Миша, мрачно сопя, влез на подоконник и тяжело спрыгнул ко мне.
— Вы что, обалдели там все? — набросился я на него. — Где остальные?
— Какие еще остальные? — поморщился Миша. — Там никого нет.
Он хотел было уйти, но я сгреб его за грудки и тряхнул изо всех сил.
— Ты что несешь, Бакалаврин? Где Алина, я тебя спрашиваю?!
— Не ори, идиот! — Бакалаврин отпихнул меня к стене. — Без тебя тошно! Нет никакой Алины. Неужели ты не понял, ЧТО мы сожгли? Рукопись, парень, это ведь не просто пачка бумаги, вместе с ней еще кое-что сгорает… Да, впрочем, тебе ни к чему. Пусти!
Он сердито рванулся и, освободившись от меня, свернул за угол и исчез.
Некоторое время я стоял, тупо глядя ему вслед, затем перевел взгляд на окно. Пелена дыма стала прозрачной, комната понемногу проветривалась.
«Что это он тут нагородил? — подумал я сквозь неотвязный шум в голове. — Ничего такого быть не может. Ведь не спал же я, в самом деле!»
Но за окном по-прежнему было тихо.
Не стану описывать, каких усилий и мук стоило мне одно восхождение в каминный зал. Я должен был совершить это, чтобы убедиться в здравости собственного рассудка. Но зал был пуст, камин погашен, пепел перемешан, дым рассеялся. Исчезли даже стаканы и тарелки — ничто не указывало на состоявшееся здесь застолье.

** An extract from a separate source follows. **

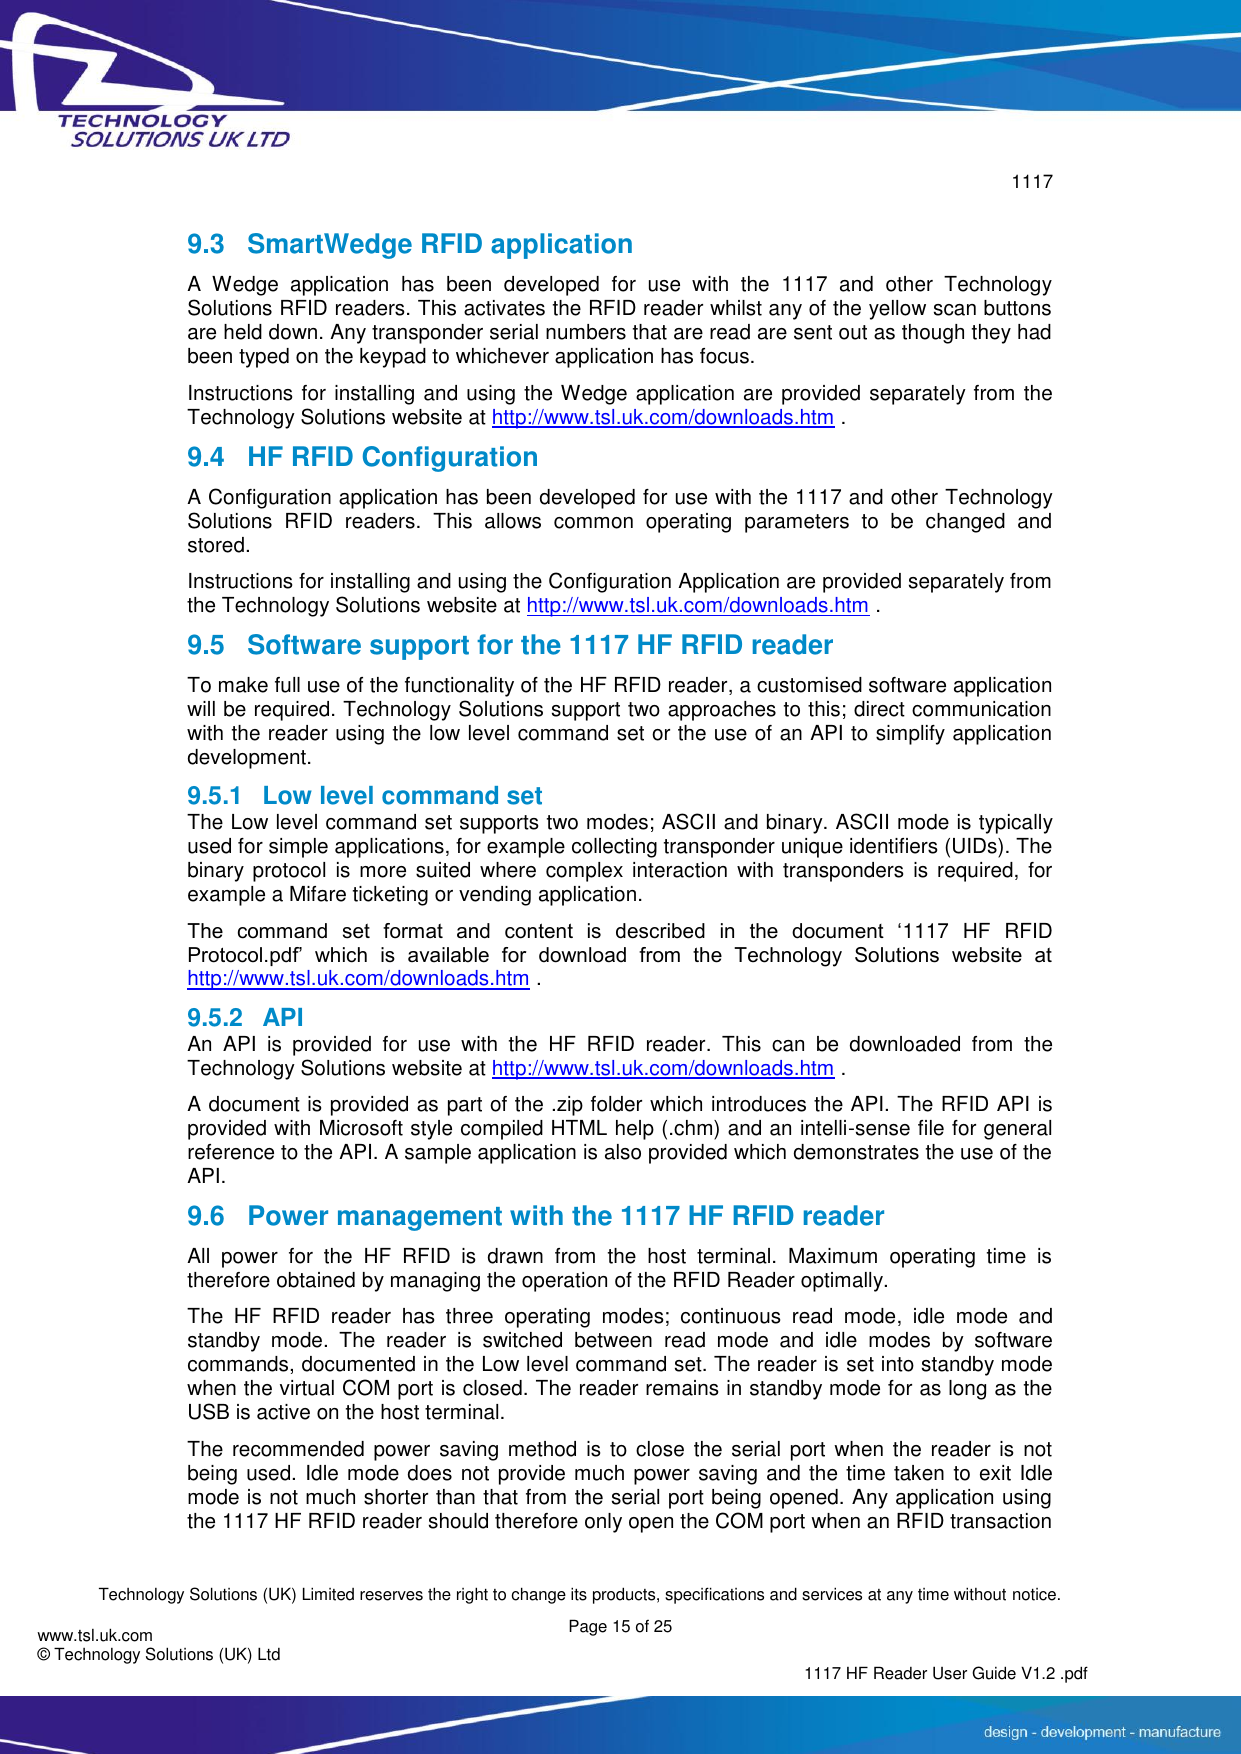        1117  Technology Solutions (UK) Limited reserves the right to change its products, specifications and services at any time without notice. Page 15 of 25 1117 HF Reader User Guide V1.2 .pdf www.tsl.uk.com © Technology Solutions (UK) Ltd   9.3  SmartWedge RFID application A  Wedge  application  has  been  developed  for  use  with  the  1117  and  other  Technology Solutions RFID readers. This activates the RFID reader whilst any of the yellow scan buttons are held down. Any transponder serial numbers that are read are sent out as though they had been typed on the keypad to whichever application has focus. Instructions for installing and using the Wedge application are provided separately from the Technology Solutions website at http://www.tsl.uk.com/downloads.htm . 9.4 HF RFID Configuration A Configuration application has been developed for use with the 1117 and other Technology Solutions  RFID  readers.  This  allows  common  operating  parameters  to  be  changed  and stored. Instructions for installing and using the Configuration Application are provided separately from the Technology Solutions website at http://www.tsl.uk.com/downloads.htm . 9.5  Software support for the 1117 HF RFID reader To make full use of the functionality of the HF RFID reader, a customised software application will be required. Technology Solutions support two approaches to this; direct communication with the reader using the low level command set or the use of an API to simplify application development.  9.5.1  Low level command set The Low level command set supports two modes; ASCII and binary. ASCII mode is typically used for simple applications, for example collecting transponder unique identifiers (UIDs). The binary protocol  is more  suited where  complex  interaction  with  transponders  is  required,  for example a Mifare ticketing or vending application. The  command  set  format  and  content  is  described  in  the  document  ‘1117  HF  RFID Protocol.pdf’  which  is  available  for  download  from  the  Technology  Solutions  website  at http://www.tsl.uk.com/downloads.htm . 9.5.2  API An  API  is  provided  for  use  with  the  HF  RFID  reader.  This  can  be  downloaded  from  the Technology Solutions website at http://www.tsl.uk.com/downloads.htm . A document is provided as part of the .zip folder which introduces the API. The RFID API is provided with Microsoft style compiled HTML help (.chm) and an intelli-sense file for general reference to the API. A sample application is also provided which demonstrates the use of the API. 9.6  Power management with the 1117 HF RFID reader All  power  for  the  HF  RFID  is  drawn  from  the  host  terminal.  Maximum  operating  time  is therefore obtained by managing the operation of the RFID Reader optimally. The  HF  RFID  reader  has  three  operating  modes;  continuous  read  mode,  idle  mode  and standby  mode.  The  reader  is  switched  between  read  mode  and  idle  modes  by  software commands, documented in the Low level command set. The reader is set into standby mode when the virtual COM port is closed. The reader remains in standby mode for as long as the USB is active on the host terminal. The recommended power  saving  method  is  to close the serial  port  when the reader  is  not being used. Idle mode does not provide much power saving and the time taken to exit Idle mode is not much shorter than that from the serial port being opened. Any application using the 1117 HF RFID reader should therefore only open the COM port when an RFID transaction 
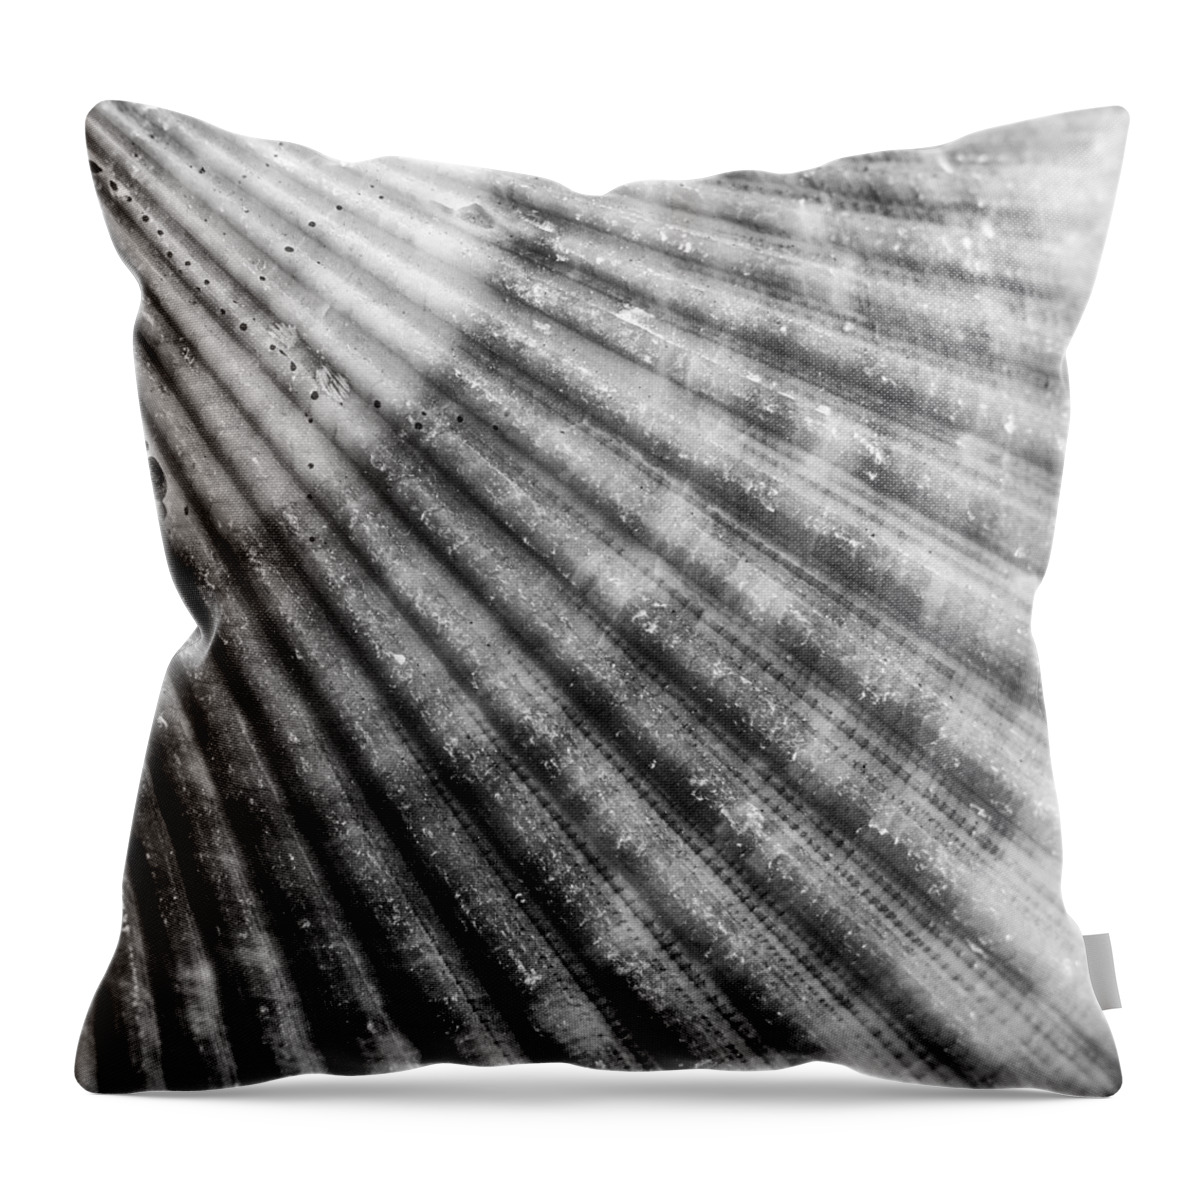 Shells Throw Pillow featuring the photograph Bay Scallop Macro by Hermes Fine Art

«А может быть, и в самом деле ничего не было? — думал я, снова ковыляя вдоль наружной стены „Флогистона“. — Может быть, перед тем, как сжечь рукописи, Бакалаврин просто прочитал мне по отрывочку из своих произведений, вот и — вообразил я себе спьяну Фому да Ерему, колдунью Алину и всех прочих… Не зря же говорят: зримый образ. Вот и узрел».
Влезть в какое-нибудь окно я уже не мог и обходил бастионы один за другим, пока, наконец, мне не посчастливилось наткнуться на центральный вход. Дверь, опять же на мое счастье, оказалась не заперта, и я вошел в холл. Дежурная администраторша встретила меня сонным взглядом и миролюбиво произнесла:
— Соседа ходили провожать?
— Соседа? — переспросил я, пытаясь собраться с мыслями.
— Ну да. Нижний из шестого выехал. Вот только что такси отъехало. Вы же в шестом?
Я глянул сквозь стеклянную дверь и в дальнем конце аллеи действительно увидел красный огонек, мелькнувший в последний раз. Бакалаврин уехал…
В номере было пусто и холодно, за окном нехотя занимался рассвет. Лягу спать, подумал я. Смертельно устал, ногу вывихнул, а сегодня начинается наш семинар, надо будет работать.
С трудом поднявшись к себе в мансарду, я начал было раздеваться, как вдруг из кармана выпала газета.